Crédit d’impôt pour la compétitivité et l’emploi (CICE) 2015

Un bel exemple de détournement de fonds publics par le patronat (publié oct 2016, modifié janv.2017)

Principales caractéristiques du dispositif

Derrière des objectifs  « ambitieux »

Ce crédit accordé aux entreprises devait encourager la création d’emplois, améliorer la compétitivité  et soutenir l’investissement et l’exportation. Il ne devait pas servir à augmenter les dividendes des actionnaires, ni à verser des suppléments de rémunérations aux dirigeants.
Et P Gattaz, le patron du MEDEF, arborant fièrement un pin’s, avait promis un million d’emplois en contrepartie de cette aide publique. (voir extrait Emission Spécial Investigation et notre vidéo sur la chaine mémé l’indignée)

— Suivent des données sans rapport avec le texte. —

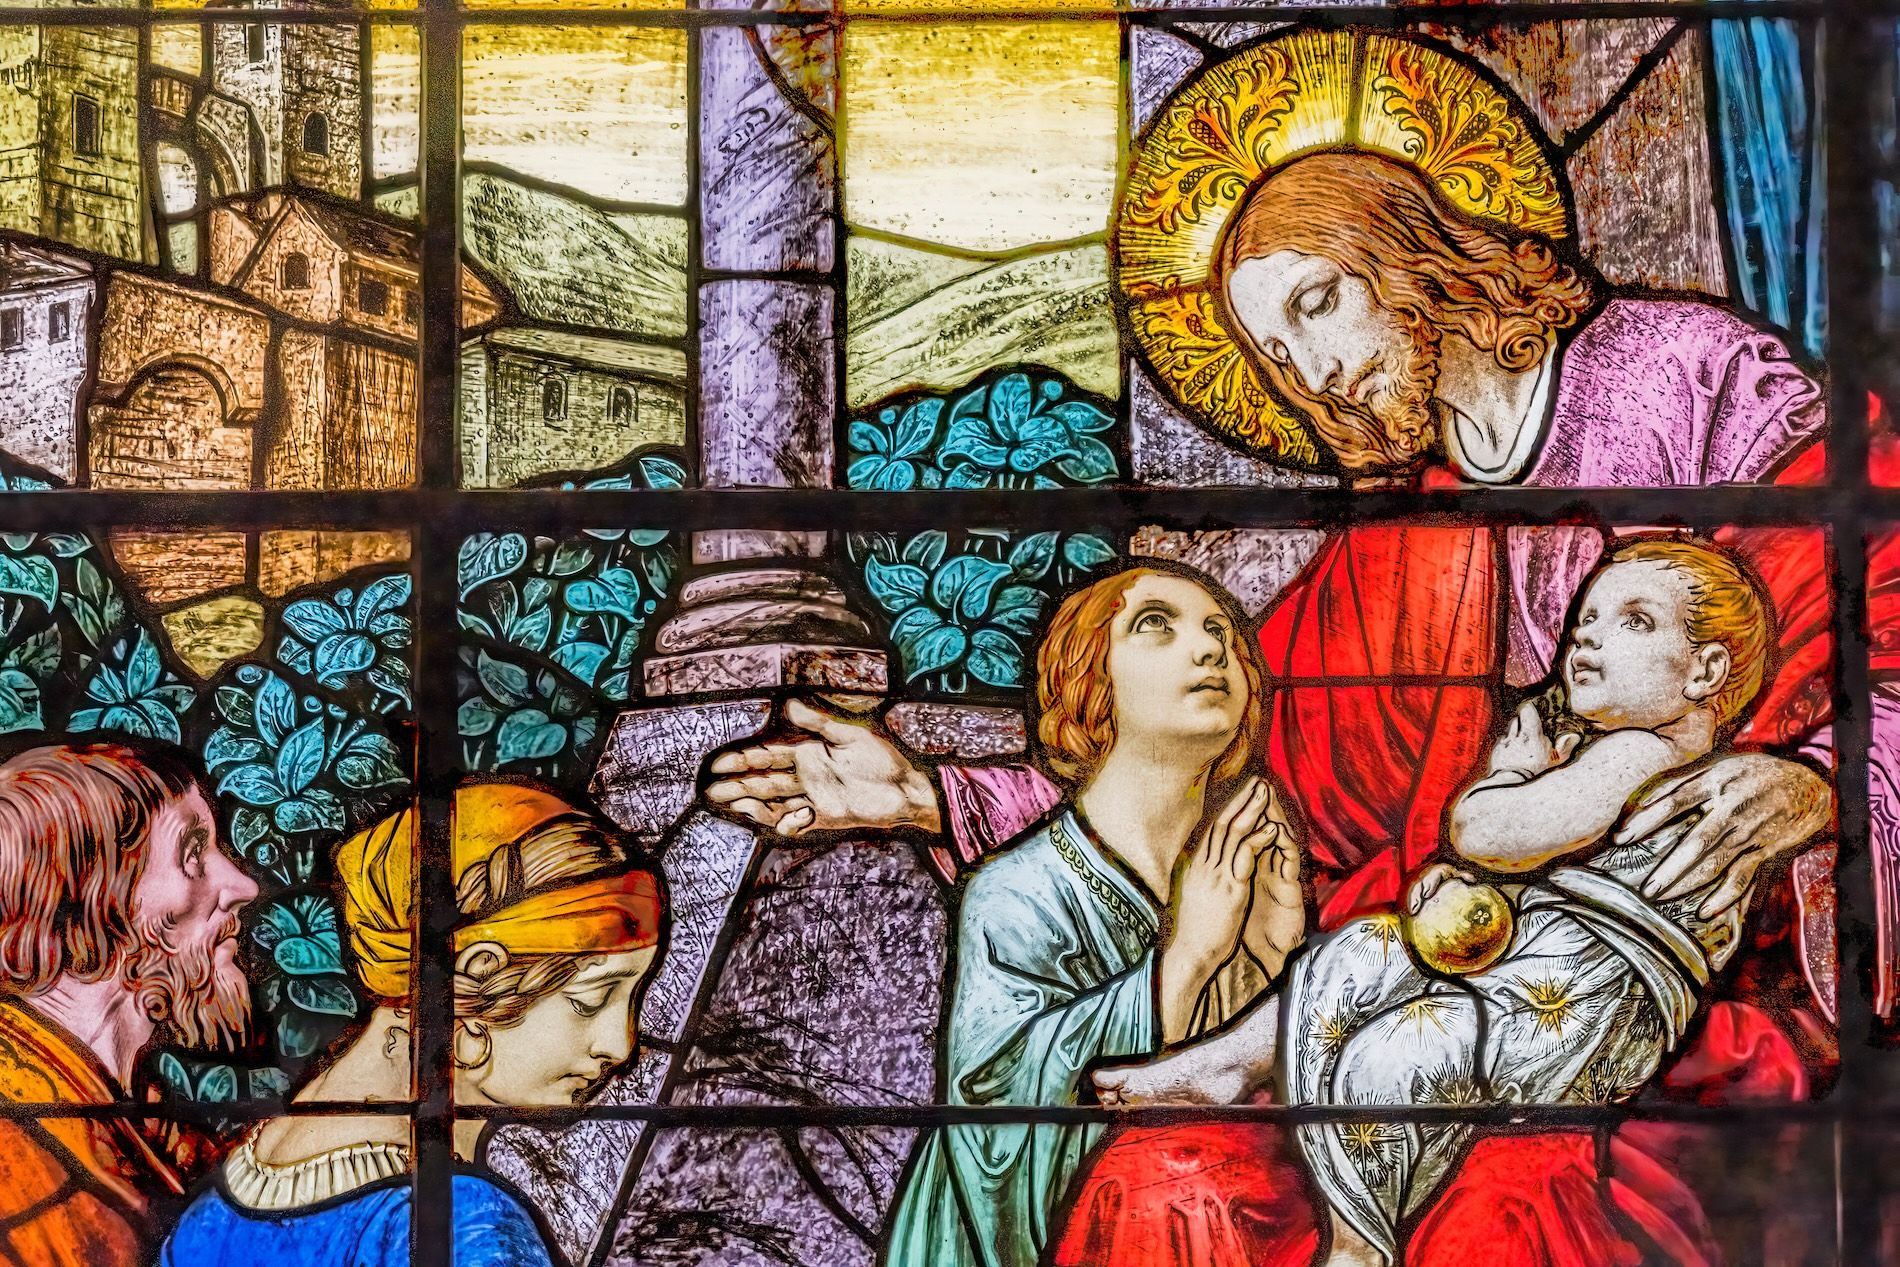 Jesus stained glass window
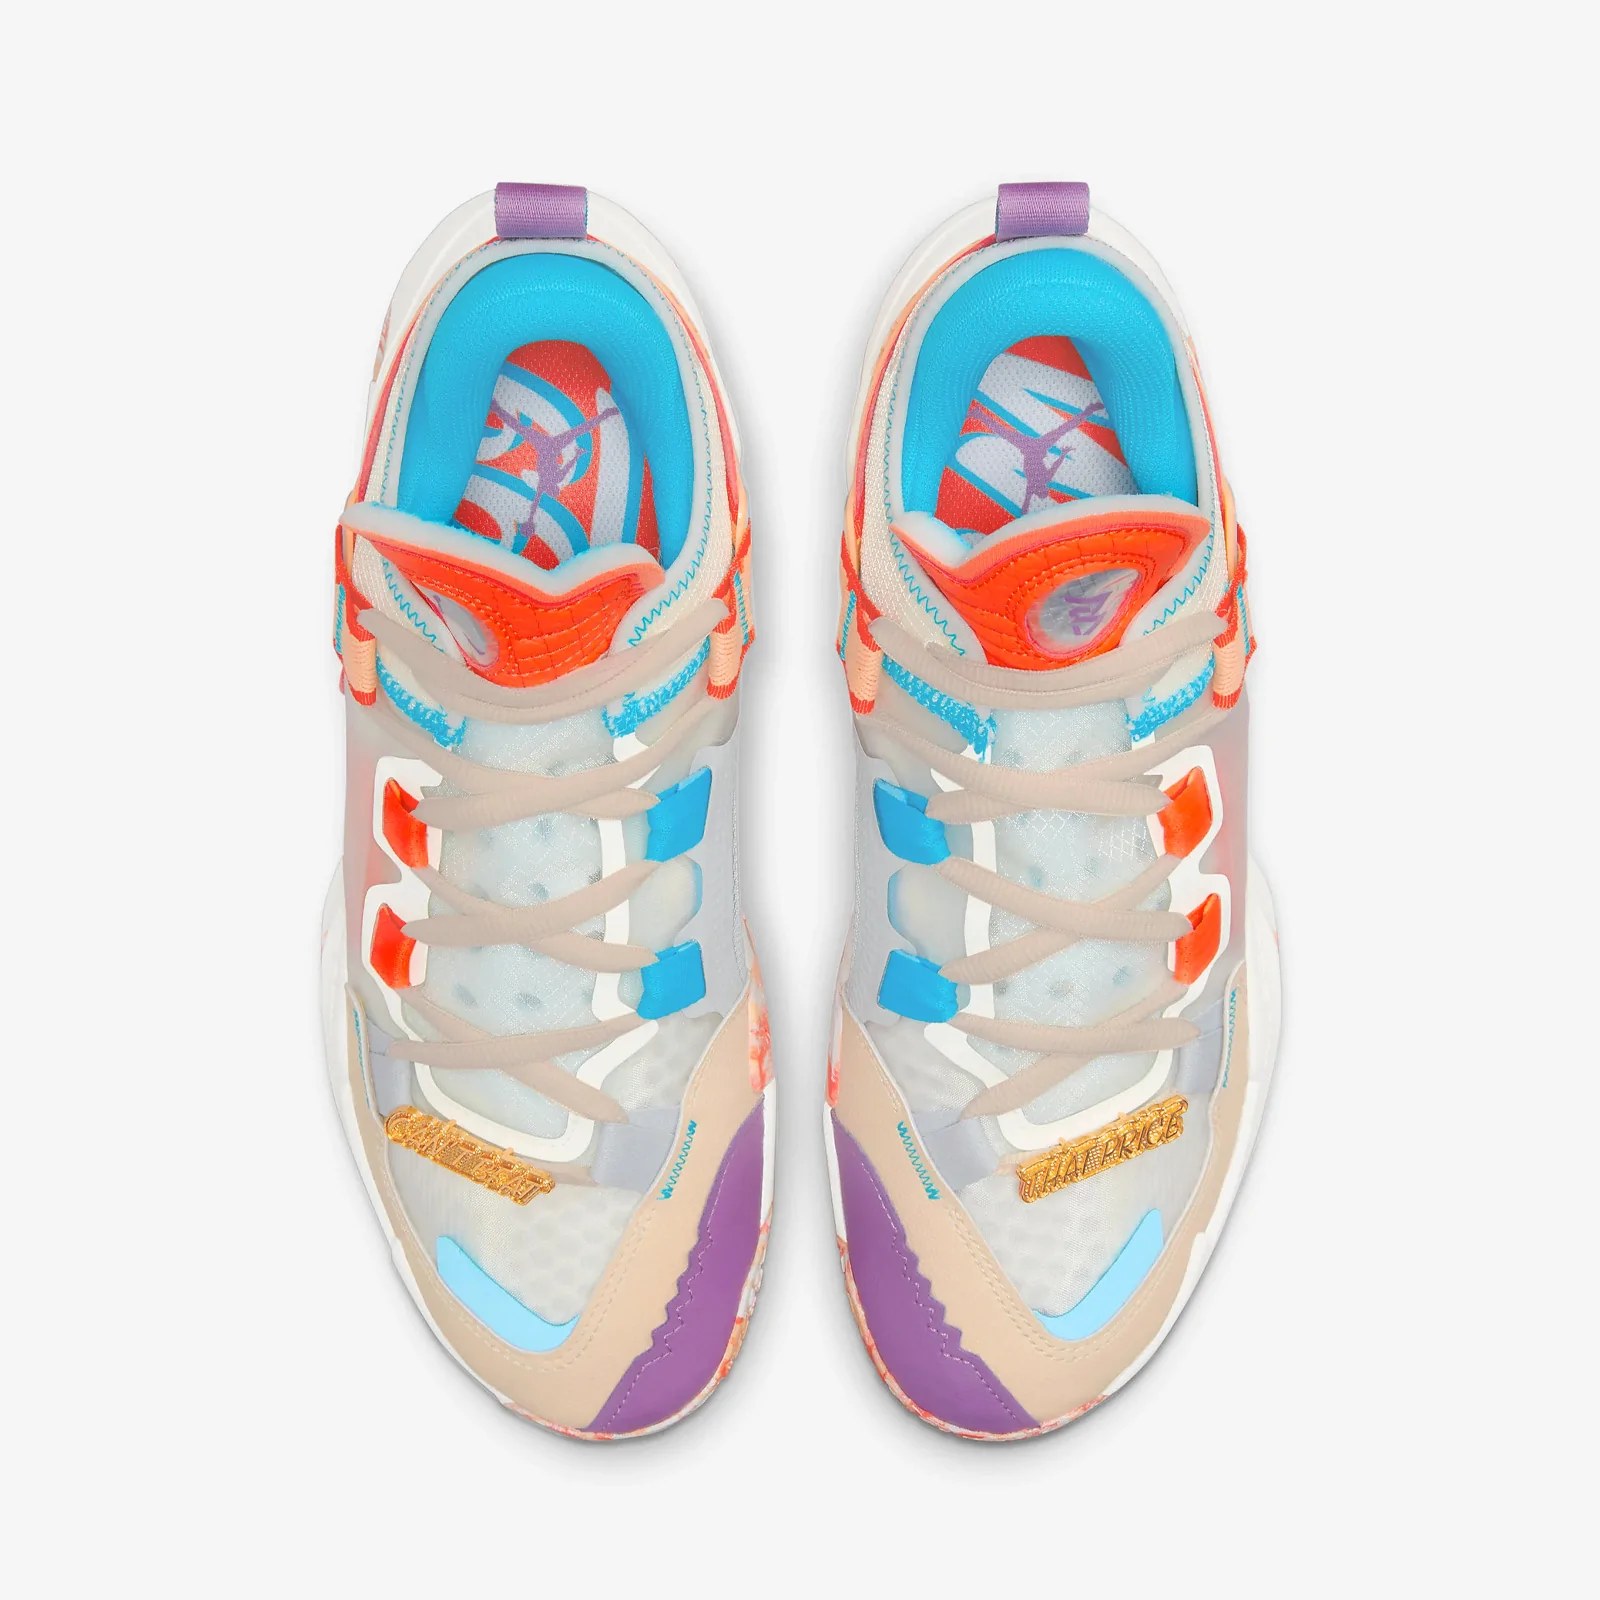 Giày Bóng Rổ Nike - Jordan “Why Not?” Zer0.5

Des critères d’attribution non sélectifs

Cet allègement de charges, mis en œuvre à partir de 2013, s’adressait aux entreprises dont les salariés (en totalité ou en partie) étaient rémunérés en dessous de 2,5 fois le SMIC.
Ainsi la majeure partie des entreprises a pu en bénéficier, qu’elles soient riches ou pauvres, qu’elles recrutent ou licencient, qu’elles soient exposées ou non  à la concurrence internationale. 

Un financement assuré, en partie, par les ménages les plus modestes

Une partie du financement a été assurée par le relèvement, au 1er janvier 2014, de deux  taux de TVA, celui de 7% (taux intermédiaire) est passé à 10% et celui de 19,6% (taux normal) est passé à 20%. Ces hausses de TVA pèsent d’autant plus lourds sur le budget des ménages que la part du revenu consacrée à la consommation est importante, ce qui est le cas des catégories les plus modestes de la population.

Une utilisation non contrôlée

Le gouvernement s’était engagé à n’effectuer aucun contrôle sur l’utilisation de ces fonds publics. Est-ce une confiance aveugle dans la parole patronale ou une complicité de « l’entre-soi » ?
Pour plus de détails, se reporter à notre article 2014

Et donc un transfert de ressources des Pauvres vers les Riches, c’est le Robin des Beaux Quartiers !!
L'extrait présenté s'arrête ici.